** Exercise materials follows **
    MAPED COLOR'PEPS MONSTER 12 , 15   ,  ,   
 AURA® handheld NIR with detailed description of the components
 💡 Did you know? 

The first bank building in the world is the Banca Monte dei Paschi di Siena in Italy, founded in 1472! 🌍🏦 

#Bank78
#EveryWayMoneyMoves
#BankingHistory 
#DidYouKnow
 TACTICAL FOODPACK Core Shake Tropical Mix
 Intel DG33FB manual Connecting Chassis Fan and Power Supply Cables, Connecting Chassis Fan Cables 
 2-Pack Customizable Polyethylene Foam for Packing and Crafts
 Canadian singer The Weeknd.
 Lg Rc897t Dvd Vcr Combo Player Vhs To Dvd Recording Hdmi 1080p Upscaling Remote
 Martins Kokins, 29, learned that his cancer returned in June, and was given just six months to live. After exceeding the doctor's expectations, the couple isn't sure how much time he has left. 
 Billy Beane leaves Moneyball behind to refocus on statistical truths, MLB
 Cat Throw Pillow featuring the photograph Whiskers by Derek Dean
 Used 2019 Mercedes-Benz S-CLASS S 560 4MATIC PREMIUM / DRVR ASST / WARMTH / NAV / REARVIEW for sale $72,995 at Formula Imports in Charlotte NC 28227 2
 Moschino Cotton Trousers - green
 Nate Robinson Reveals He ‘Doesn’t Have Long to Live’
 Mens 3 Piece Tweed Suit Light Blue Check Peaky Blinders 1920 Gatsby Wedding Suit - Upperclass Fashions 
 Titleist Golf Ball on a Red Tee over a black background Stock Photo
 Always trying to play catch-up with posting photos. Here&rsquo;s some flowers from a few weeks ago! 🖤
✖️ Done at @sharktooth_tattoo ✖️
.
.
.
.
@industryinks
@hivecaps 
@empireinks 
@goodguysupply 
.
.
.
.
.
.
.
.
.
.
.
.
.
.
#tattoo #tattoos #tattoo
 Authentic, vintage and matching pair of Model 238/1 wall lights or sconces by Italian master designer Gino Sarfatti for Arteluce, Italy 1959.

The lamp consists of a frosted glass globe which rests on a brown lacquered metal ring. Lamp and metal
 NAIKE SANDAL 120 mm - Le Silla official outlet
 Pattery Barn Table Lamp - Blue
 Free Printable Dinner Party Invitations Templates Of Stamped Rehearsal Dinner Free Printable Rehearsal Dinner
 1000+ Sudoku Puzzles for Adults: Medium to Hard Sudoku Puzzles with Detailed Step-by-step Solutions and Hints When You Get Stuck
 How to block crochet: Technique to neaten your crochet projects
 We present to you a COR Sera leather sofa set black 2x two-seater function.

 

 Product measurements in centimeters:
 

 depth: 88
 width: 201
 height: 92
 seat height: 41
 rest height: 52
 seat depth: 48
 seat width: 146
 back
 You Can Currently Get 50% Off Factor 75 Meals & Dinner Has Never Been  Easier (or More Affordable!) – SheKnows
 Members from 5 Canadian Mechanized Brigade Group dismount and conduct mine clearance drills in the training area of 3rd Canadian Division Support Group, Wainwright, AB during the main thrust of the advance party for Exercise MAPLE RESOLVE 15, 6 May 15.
** End of Exercise materials **
— Exercise instructions —
Return each line exactly, beginning at the start of the material above and ending at the line that includes "TACTICAL FOODPACK Core Shake Tropical Mix", with both of those kept.

— Response below —
    MAPED COLOR'PEPS MONSTER 12 , 15   ,  ,   
 AURA® handheld NIR with detailed description of the components
 💡 Did you know? 

The first bank building in the world is the Banca Monte dei Paschi di Siena in Italy, founded in 1472! 🌍🏦 

#Bank78
#EveryWayMoneyMoves
#BankingHistory 
#DidYouKnow
 TACTICAL FOODPACK Core Shake Tropical Mix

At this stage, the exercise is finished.